Repeat each entry. Keep every line exactly as it is.
§ §
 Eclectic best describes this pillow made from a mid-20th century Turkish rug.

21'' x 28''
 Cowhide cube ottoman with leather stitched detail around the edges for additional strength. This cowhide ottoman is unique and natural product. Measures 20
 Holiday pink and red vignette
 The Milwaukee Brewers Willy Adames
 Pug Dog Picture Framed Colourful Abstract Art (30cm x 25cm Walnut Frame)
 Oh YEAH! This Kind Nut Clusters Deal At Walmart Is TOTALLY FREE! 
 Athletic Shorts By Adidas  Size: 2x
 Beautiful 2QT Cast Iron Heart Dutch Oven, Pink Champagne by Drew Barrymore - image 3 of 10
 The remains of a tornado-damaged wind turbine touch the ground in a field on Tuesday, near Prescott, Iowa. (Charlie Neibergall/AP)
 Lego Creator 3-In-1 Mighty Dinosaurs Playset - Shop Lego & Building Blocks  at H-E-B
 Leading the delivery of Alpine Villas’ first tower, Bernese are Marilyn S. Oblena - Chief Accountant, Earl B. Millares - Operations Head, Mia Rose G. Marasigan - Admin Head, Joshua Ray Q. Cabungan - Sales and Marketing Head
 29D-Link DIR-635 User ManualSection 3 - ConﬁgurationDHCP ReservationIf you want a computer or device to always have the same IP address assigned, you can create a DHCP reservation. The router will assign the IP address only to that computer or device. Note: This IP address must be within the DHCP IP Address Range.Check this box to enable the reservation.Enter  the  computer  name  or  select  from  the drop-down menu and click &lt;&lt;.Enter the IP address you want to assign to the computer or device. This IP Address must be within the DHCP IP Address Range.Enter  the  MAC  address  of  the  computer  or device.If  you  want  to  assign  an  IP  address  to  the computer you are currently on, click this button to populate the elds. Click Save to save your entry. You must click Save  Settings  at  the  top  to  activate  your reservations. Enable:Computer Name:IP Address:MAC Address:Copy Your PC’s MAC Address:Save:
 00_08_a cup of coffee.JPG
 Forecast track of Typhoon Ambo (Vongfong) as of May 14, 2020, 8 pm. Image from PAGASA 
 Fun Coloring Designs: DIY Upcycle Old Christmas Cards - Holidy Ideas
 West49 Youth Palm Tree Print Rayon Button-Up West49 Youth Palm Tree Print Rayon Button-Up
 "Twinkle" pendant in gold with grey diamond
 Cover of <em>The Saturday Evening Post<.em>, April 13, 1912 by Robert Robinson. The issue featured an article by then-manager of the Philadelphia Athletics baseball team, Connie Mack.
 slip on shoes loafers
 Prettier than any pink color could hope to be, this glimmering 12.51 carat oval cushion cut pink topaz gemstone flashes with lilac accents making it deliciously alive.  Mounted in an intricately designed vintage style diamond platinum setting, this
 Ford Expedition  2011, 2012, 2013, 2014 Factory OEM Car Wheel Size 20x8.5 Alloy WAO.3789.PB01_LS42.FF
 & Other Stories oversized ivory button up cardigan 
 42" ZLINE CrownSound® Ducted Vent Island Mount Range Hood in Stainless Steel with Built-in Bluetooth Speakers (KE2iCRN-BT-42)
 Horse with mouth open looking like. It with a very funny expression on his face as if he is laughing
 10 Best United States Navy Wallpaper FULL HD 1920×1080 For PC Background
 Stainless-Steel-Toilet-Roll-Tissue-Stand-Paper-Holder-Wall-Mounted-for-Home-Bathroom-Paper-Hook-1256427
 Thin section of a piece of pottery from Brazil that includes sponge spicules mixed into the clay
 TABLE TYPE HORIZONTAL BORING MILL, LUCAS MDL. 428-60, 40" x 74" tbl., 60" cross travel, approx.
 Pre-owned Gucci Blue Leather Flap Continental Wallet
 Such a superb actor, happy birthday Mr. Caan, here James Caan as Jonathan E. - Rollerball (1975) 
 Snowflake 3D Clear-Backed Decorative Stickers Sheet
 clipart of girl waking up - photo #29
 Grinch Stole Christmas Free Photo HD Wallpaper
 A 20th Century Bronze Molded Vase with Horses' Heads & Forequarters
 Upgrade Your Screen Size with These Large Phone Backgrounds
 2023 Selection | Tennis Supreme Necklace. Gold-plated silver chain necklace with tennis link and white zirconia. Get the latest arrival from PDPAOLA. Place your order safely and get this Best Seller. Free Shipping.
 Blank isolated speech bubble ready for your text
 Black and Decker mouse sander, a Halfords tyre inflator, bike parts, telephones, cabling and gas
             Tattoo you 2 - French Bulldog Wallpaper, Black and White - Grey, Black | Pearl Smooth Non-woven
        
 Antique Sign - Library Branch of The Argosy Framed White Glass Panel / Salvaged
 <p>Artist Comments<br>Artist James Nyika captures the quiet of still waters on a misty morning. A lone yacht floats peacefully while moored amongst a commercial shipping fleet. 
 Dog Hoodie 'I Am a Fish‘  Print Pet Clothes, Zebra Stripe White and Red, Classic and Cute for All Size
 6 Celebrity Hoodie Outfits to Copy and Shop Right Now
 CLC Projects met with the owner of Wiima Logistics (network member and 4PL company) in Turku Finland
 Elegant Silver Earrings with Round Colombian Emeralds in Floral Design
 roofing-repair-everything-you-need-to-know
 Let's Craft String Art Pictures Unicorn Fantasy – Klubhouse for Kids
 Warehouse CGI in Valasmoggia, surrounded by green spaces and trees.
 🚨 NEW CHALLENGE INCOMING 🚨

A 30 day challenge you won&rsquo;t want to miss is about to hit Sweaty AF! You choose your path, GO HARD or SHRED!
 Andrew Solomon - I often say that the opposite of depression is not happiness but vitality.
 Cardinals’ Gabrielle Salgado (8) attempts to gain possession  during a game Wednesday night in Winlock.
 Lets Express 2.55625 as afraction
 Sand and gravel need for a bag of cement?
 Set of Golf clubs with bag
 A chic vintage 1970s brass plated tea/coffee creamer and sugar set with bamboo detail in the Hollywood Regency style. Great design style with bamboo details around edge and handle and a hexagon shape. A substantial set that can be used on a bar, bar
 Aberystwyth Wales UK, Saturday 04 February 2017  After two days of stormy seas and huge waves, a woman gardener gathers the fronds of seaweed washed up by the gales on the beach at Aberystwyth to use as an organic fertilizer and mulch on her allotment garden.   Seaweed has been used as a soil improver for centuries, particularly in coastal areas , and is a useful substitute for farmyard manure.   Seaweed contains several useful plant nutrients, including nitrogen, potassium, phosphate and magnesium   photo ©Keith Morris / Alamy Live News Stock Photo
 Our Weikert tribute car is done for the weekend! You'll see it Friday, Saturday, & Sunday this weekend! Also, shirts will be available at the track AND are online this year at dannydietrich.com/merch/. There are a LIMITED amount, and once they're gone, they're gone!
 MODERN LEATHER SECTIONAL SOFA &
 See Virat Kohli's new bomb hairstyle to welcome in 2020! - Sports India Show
§ §
### Response area:
 Eclectic best describes this pillow made from a mid-20th century Turkish rug.

21'' x 28''
 Cowhide cube ottoman with leather stitched detail around the edges for additional strength. This cowhide ottoman is unique and natural product. Measures 20
 Holiday pink and red vignette
 The Milwaukee Brewers Willy Adames
 Pug Dog Picture Framed Colourful Abstract Art (30cm x 25cm Walnut Frame)
 Oh YEAH! This Kind Nut Clusters Deal At Walmart Is TOTALLY FREE! 
 Athletic Shorts By Adidas  Size: 2x
 Beautiful 2QT Cast Iron Heart Dutch Oven, Pink Champagne by Drew Barrymore - image 3 of 10
 The remains of a tornado-damaged wind turbine touch the ground in a field on Tuesday, near Prescott, Iowa. (Charlie Neibergall/AP)
 Lego Creator 3-In-1 Mighty Dinosaurs Playset - Shop Lego & Building Blocks  at H-E-B
 Leading the delivery of Alpine Villas’ first tower, Bernese are Marilyn S. Oblena - Chief Accountant, Earl B. Millares - Operations Head, Mia Rose G. Marasigan - Admin Head, Joshua Ray Q. Cabungan - Sales and Marketing Head
 29D-Link DIR-635 User ManualSection 3 - ConﬁgurationDHCP ReservationIf you want a computer or device to always have the same IP address assigned, you can create a DHCP reservation. The router will assign the IP address only to that computer or device. Note: This IP address must be within the DHCP IP Address Range.Check this box to enable the reservation.Enter  the  computer  name  or  select  from  the drop-down menu and click &lt;&lt;.Enter the IP address you want to assign to the computer or device. This IP Address must be within the DHCP IP Address Range.Enter  the  MAC  address  of  the  computer  or device.If  you  want  to  assign  an  IP  address  to  the computer you are currently on, click this button to populate the elds. Click Save to save your entry. You must click Save  Settings  at  the  top  to  activate  your reservations. Enable:Computer Name:IP Address:MAC Address:Copy Your PC’s MAC Address:Save:
 00_08_a cup of coffee.JPG
 Forecast track of Typhoon Ambo (Vongfong) as of May 14, 2020, 8 pm. Image from PAGASA 
 Fun Coloring Designs: DIY Upcycle Old Christmas Cards - Holidy Ideas
 West49 Youth Palm Tree Print Rayon Button-Up West49 Youth Palm Tree Print Rayon Button-Up
 "Twinkle" pendant in gold with grey diamond
 Cover of <em>The Saturday Evening Post<.em>, April 13, 1912 by Robert Robinson. The issue featured an article by then-manager of the Philadelphia Athletics baseball team, Connie Mack.
 slip on shoes loafers
 Prettier than any pink color could hope to be, this glimmering 12.51 carat oval cushion cut pink topaz gemstone flashes with lilac accents making it deliciously alive.  Mounted in an intricately designed vintage style diamond platinum setting, this
 Ford Expedition  2011, 2012, 2013, 2014 Factory OEM Car Wheel Size 20x8.5 Alloy WAO.3789.PB01_LS42.FF
 & Other Stories oversized ivory button up cardigan 
 42" ZLINE CrownSound® Ducted Vent Island Mount Range Hood in Stainless Steel with Built-in Bluetooth Speakers (KE2iCRN-BT-42)
 Horse with mouth open looking like. It with a very funny expression on his face as if he is laughing
 10 Best United States Navy Wallpaper FULL HD 1920×1080 For PC Background
 Stainless-Steel-Toilet-Roll-Tissue-Stand-Paper-Holder-Wall-Mounted-for-Home-Bathroom-Paper-Hook-1256427
 Thin section of a piece of pottery from Brazil that includes sponge spicules mixed into the clay
 TABLE TYPE HORIZONTAL BORING MILL, LUCAS MDL. 428-60, 40" x 74" tbl., 60" cross travel, approx.
 Pre-owned Gucci Blue Leather Flap Continental Wallet
 Such a superb actor, happy birthday Mr. Caan, here James Caan as Jonathan E. - Rollerball (1975) 
 Snowflake 3D Clear-Backed Decorative Stickers Sheet
 clipart of girl waking up - photo #29
 Grinch Stole Christmas Free Photo HD Wallpaper
 A 20th Century Bronze Molded Vase with Horses' Heads & Forequarters
 Upgrade Your Screen Size with These Large Phone Backgrounds
 2023 Selection | Tennis Supreme Necklace. Gold-plated silver chain necklace with tennis link and white zirconia. Get the latest arrival from PDPAOLA. Place your order safely and get this Best Seller. Free Shipping.
 Blank isolated speech bubble ready for your text
 Black and Decker mouse sander, a Halfords tyre inflator, bike parts, telephones, cabling and gas
             Tattoo you 2 - French Bulldog Wallpaper, Black and White - Grey, Black | Pearl Smooth Non-woven
        
 Antique Sign - Library Branch of The Argosy Framed White Glass Panel / Salvaged
 <p>Artist Comments<br>Artist James Nyika captures the quiet of still waters on a misty morning. A lone yacht floats peacefully while moored amongst a commercial shipping fleet. 
 Dog Hoodie 'I Am a Fish‘  Print Pet Clothes, Zebra Stripe White and Red, Classic and Cute for All Size
 6 Celebrity Hoodie Outfits to Copy and Shop Right Now
 CLC Projects met with the owner of Wiima Logistics (network member and 4PL company) in Turku Finland
 Elegant Silver Earrings with Round Colombian Emeralds in Floral Design
 roofing-repair-everything-you-need-to-know
 Let's Craft String Art Pictures Unicorn Fantasy – Klubhouse for Kids
 Warehouse CGI in Valasmoggia, surrounded by green spaces and trees.
 🚨 NEW CHALLENGE INCOMING 🚨

A 30 day challenge you won&rsquo;t want to miss is about to hit Sweaty AF! You choose your path, GO HARD or SHRED!
 Andrew Solomon - I often say that the opposite of depression is not happiness but vitality.
 Cardinals’ Gabrielle Salgado (8) attempts to gain possession  during a game Wednesday night in Winlock.
 Lets Express 2.55625 as afraction
 Sand and gravel need for a bag of cement?
 Set of Golf clubs with bag
 A chic vintage 1970s brass plated tea/coffee creamer and sugar set with bamboo detail in the Hollywood Regency style. Great design style with bamboo details around edge and handle and a hexagon shape. A substantial set that can be used on a bar, bar
 Aberystwyth Wales UK, Saturday 04 February 2017  After two days of stormy seas and huge waves, a woman gardener gathers the fronds of seaweed washed up by the gales on the beach at Aberystwyth to use as an organic fertilizer and mulch on her allotment garden.   Seaweed has been used as a soil improver for centuries, particularly in coastal areas , and is a useful substitute for farmyard manure.   Seaweed contains several useful plant nutrients, including nitrogen, potassium, phosphate and magnesium   photo ©Keith Morris / Alamy Live News Stock Photo
 Our Weikert tribute car is done for the weekend! You'll see it Friday, Saturday, & Sunday this weekend! Also, shirts will be available at the track AND are online this year at dannydietrich.com/merch/. There are a LIMITED amount, and once they're gone, they're gone!
 MODERN LEATHER SECTIONAL SOFA &
 See Virat Kohli's new bomb hairstyle to welcome in 2020! - Sports India Show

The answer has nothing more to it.